2. Following that, `test_ifdown_interface` fails with the same assertion, on its last line of code where it is supposed to have full connectivity again.
3. `nova-compute.log` for about the time of the `test_detach_interface` test shows a `DeviceRemovedFailed` event.
4. `ip l` and `ip a` output from the beginning of `test_ifdown_interface` shows that the VM has two NICs: eth0 with no IPs and eth1 with an IP address. Whereas it's expected at this point that the VM only has one NIC, eth0, with an IP address.
The minimal fixes are, both in `test_detach_interface`:
1. To make sure that the detached port really has gone, before re-attaching the VM to the network. Not doing this seems to allow the detach and attach operations to overlap with each other, resulting in the VM having two NICs instead of just one. That directly messes up `test_ifdown_interface`, because that test assumes that eth0 is the active NIC.
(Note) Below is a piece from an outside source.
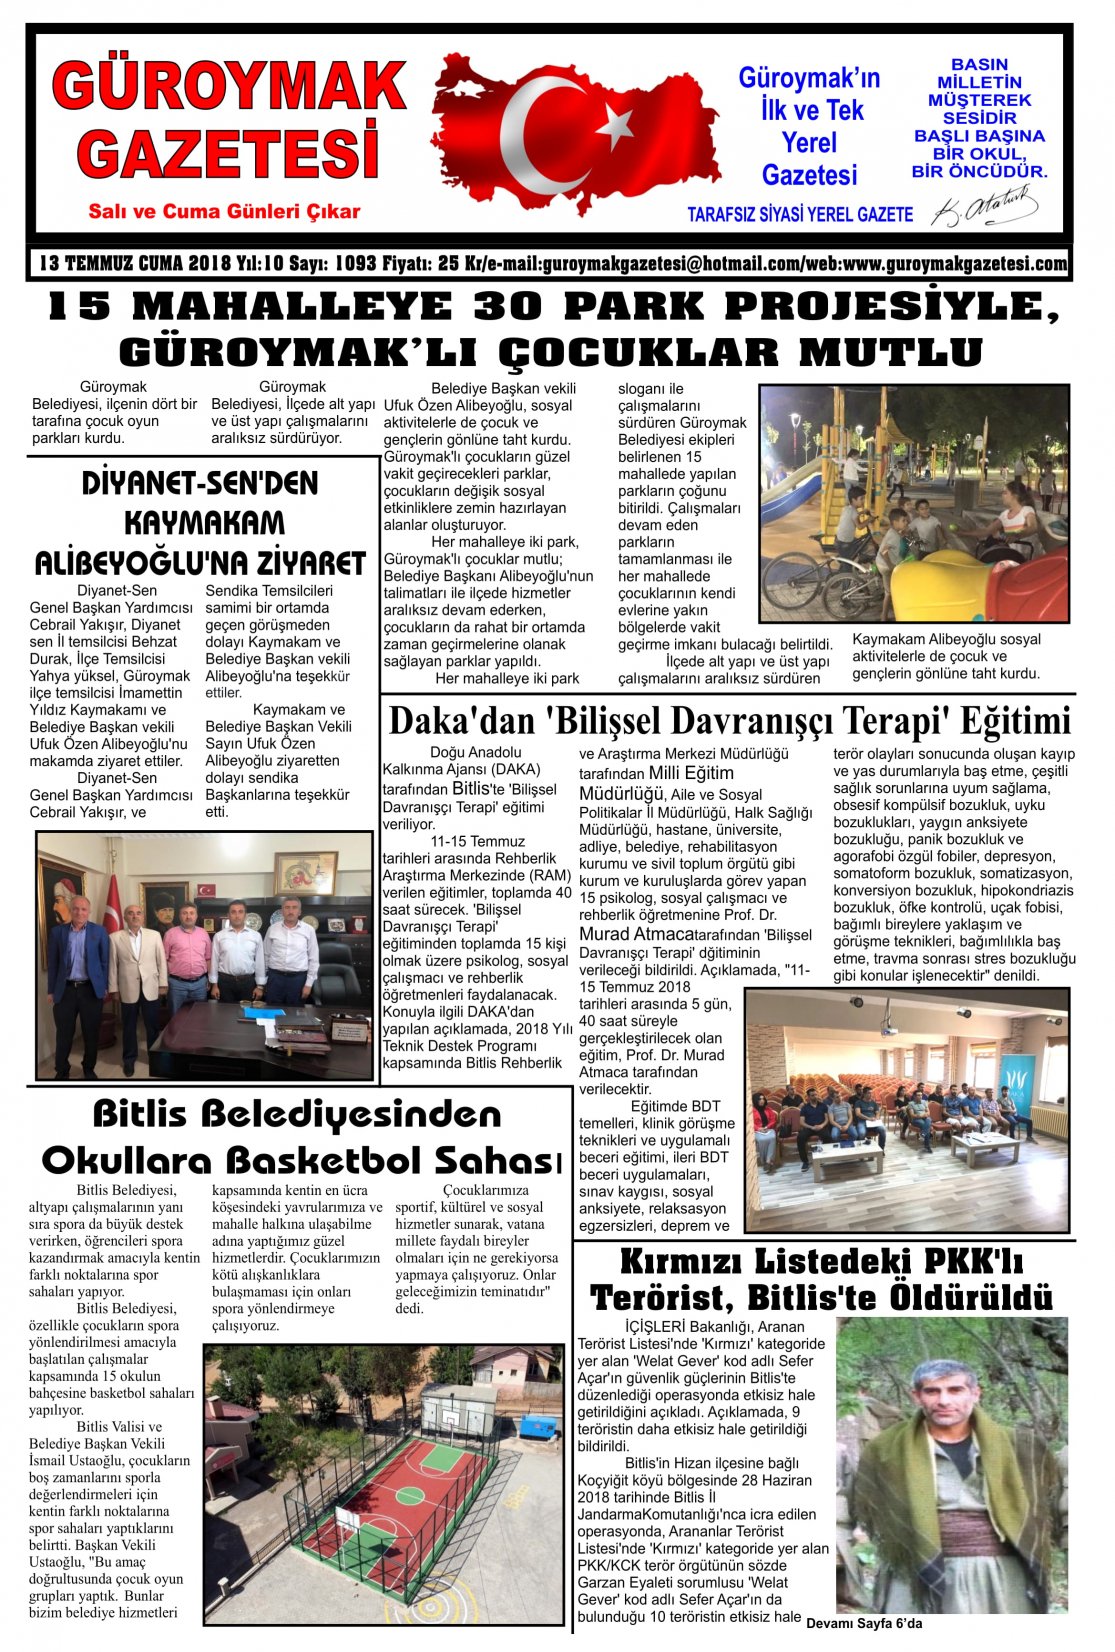 Güroymak Gazetesi 1-01.jpg Sayılı Gazete Küpürü
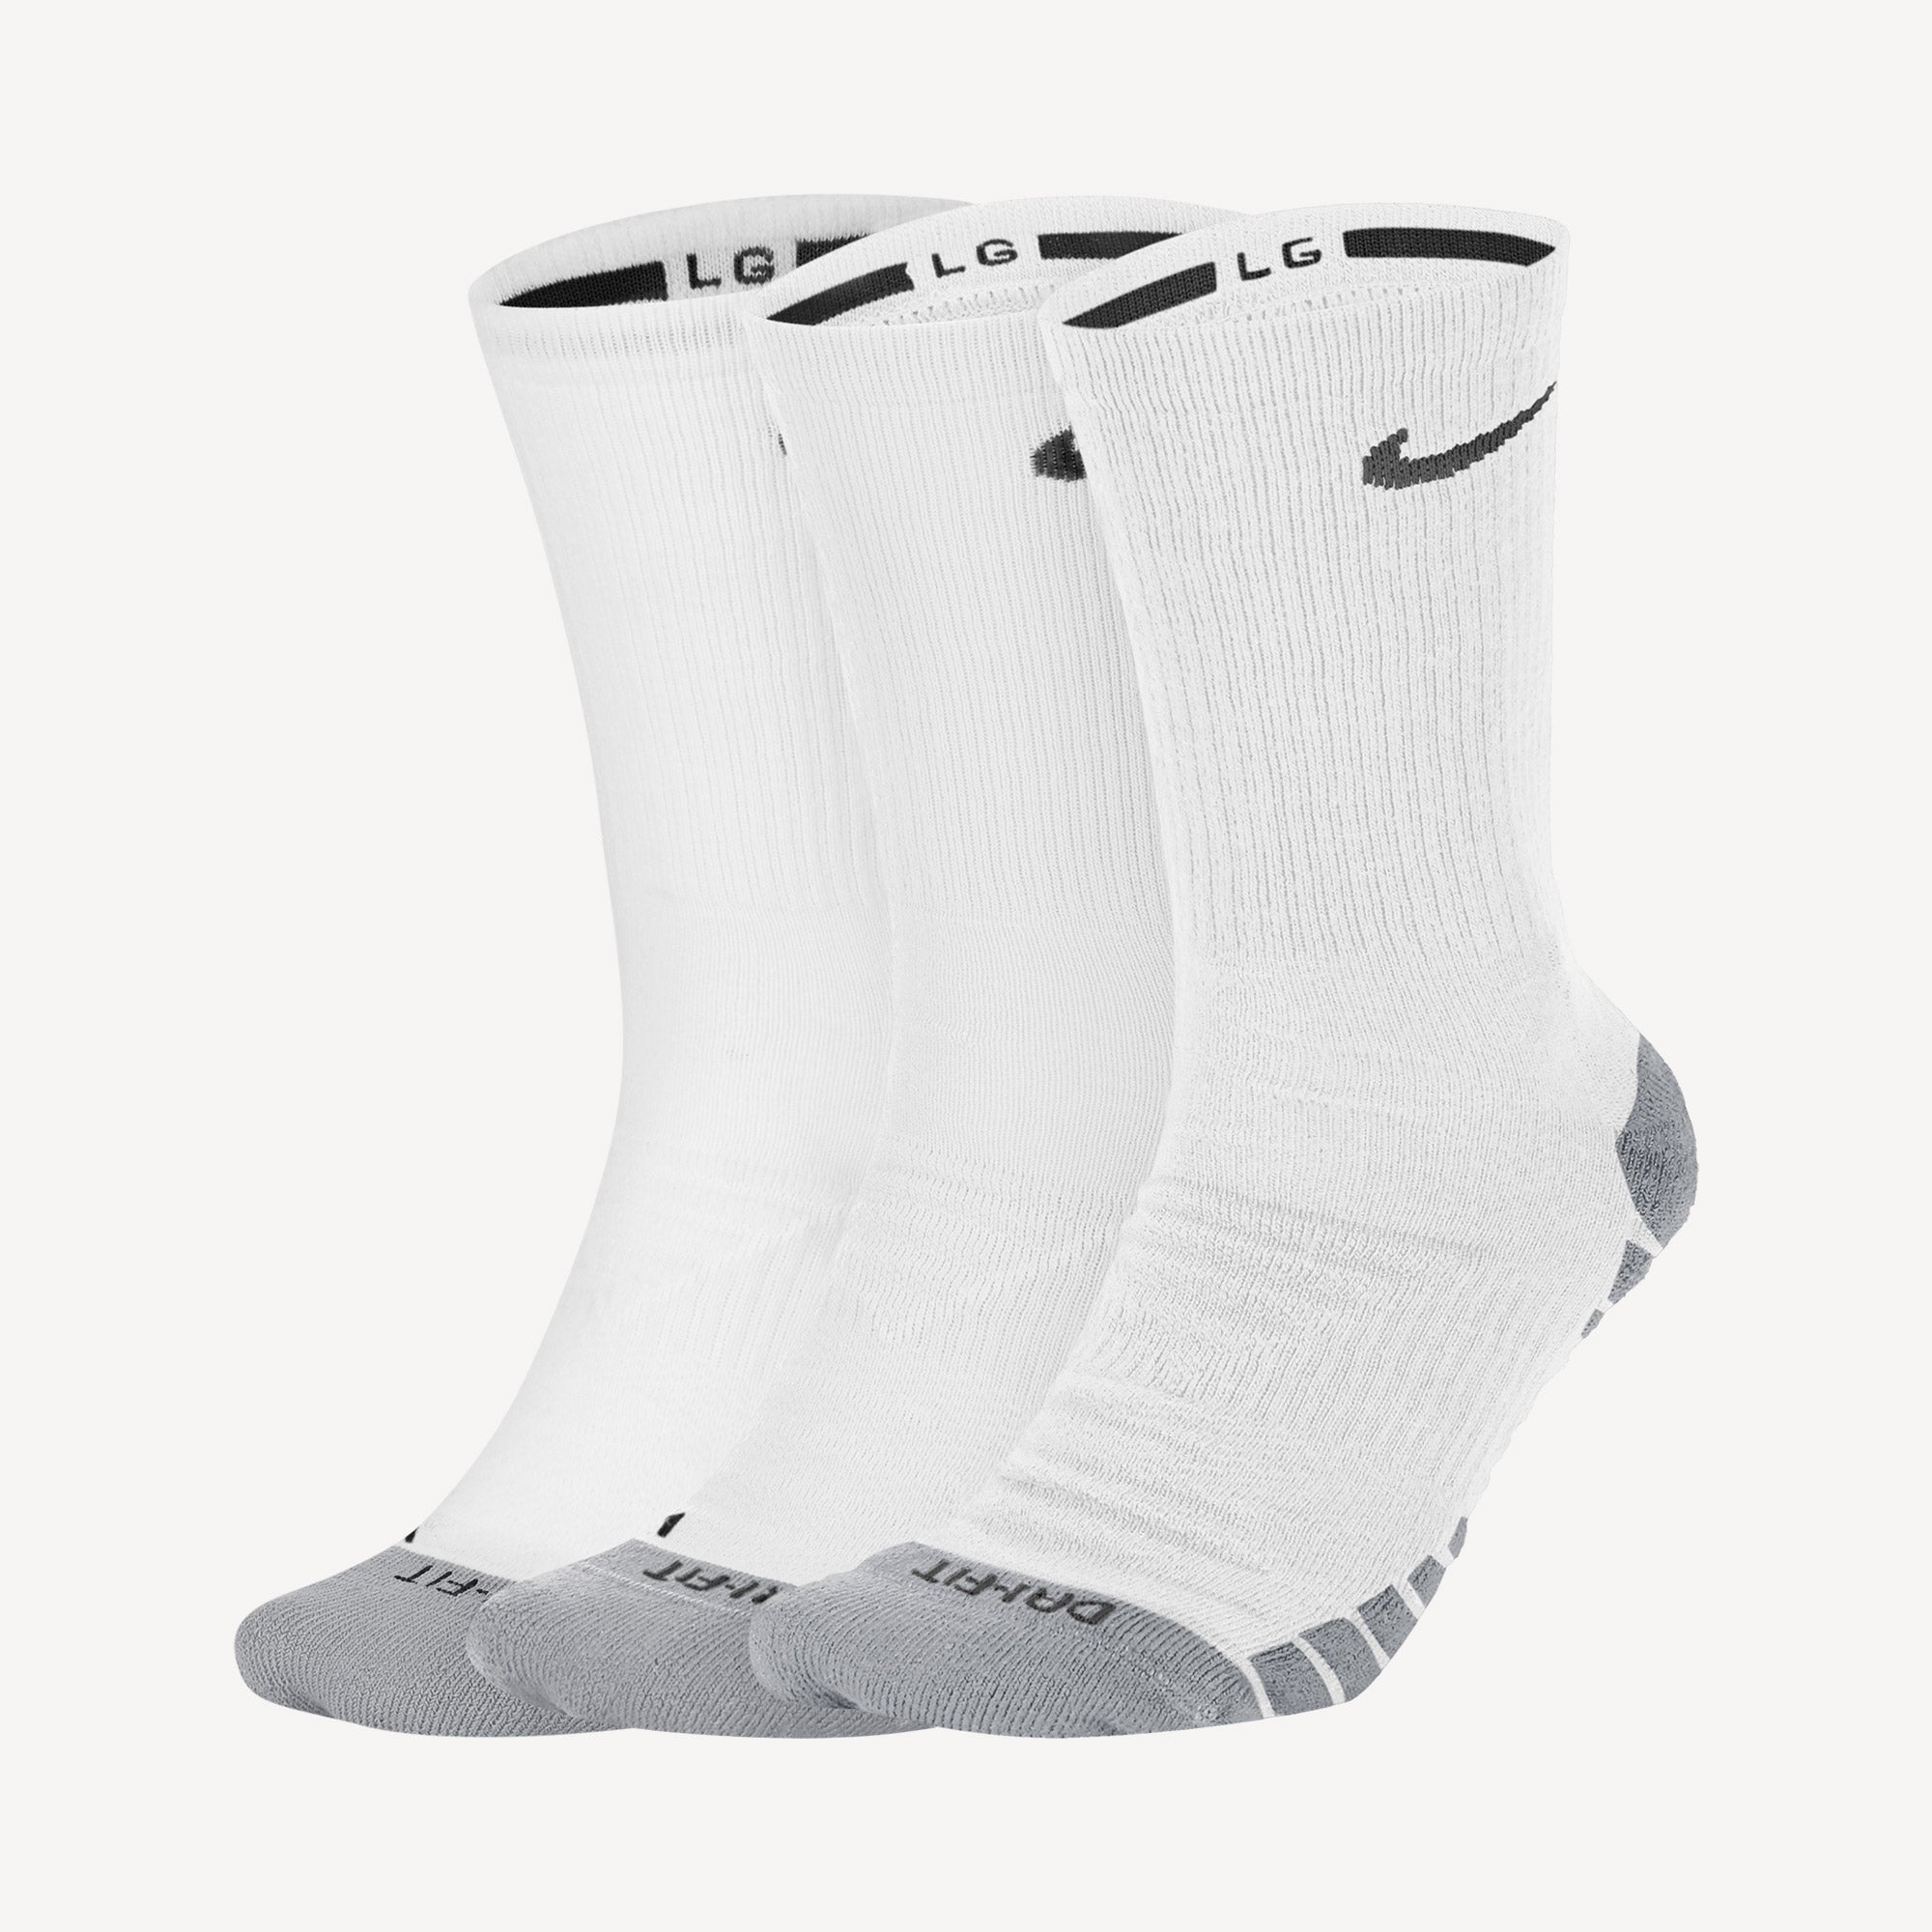 Nike Max Cushioned Training Crew Socks (3 Pairs) - White

2. To make sure that the VM has become active again after its reboot, before testing for connectivity.
(Weirdly, an alternative to (1) seems to be running `watch neutron port-list` in parallel with the test. This confused me for quite a while, because I wouldn't expect `neutron port-list` to modify any Neutron state! But it's highly reproducible that with only (2), plus running `watch neutron port-list` in parallel, the tests reliably pass; and that with only (2), and without any `port-list`, `test_ifdown_interface` reliably fails.)
In summary, in my case I don't think it was related to agent health, but rather to the detach operation running a bit slower than it did in previous releases, and hence being more likely to overlap with a subsequent attach operation, given that my test code was not careful enough about this.
Best wishes - Nell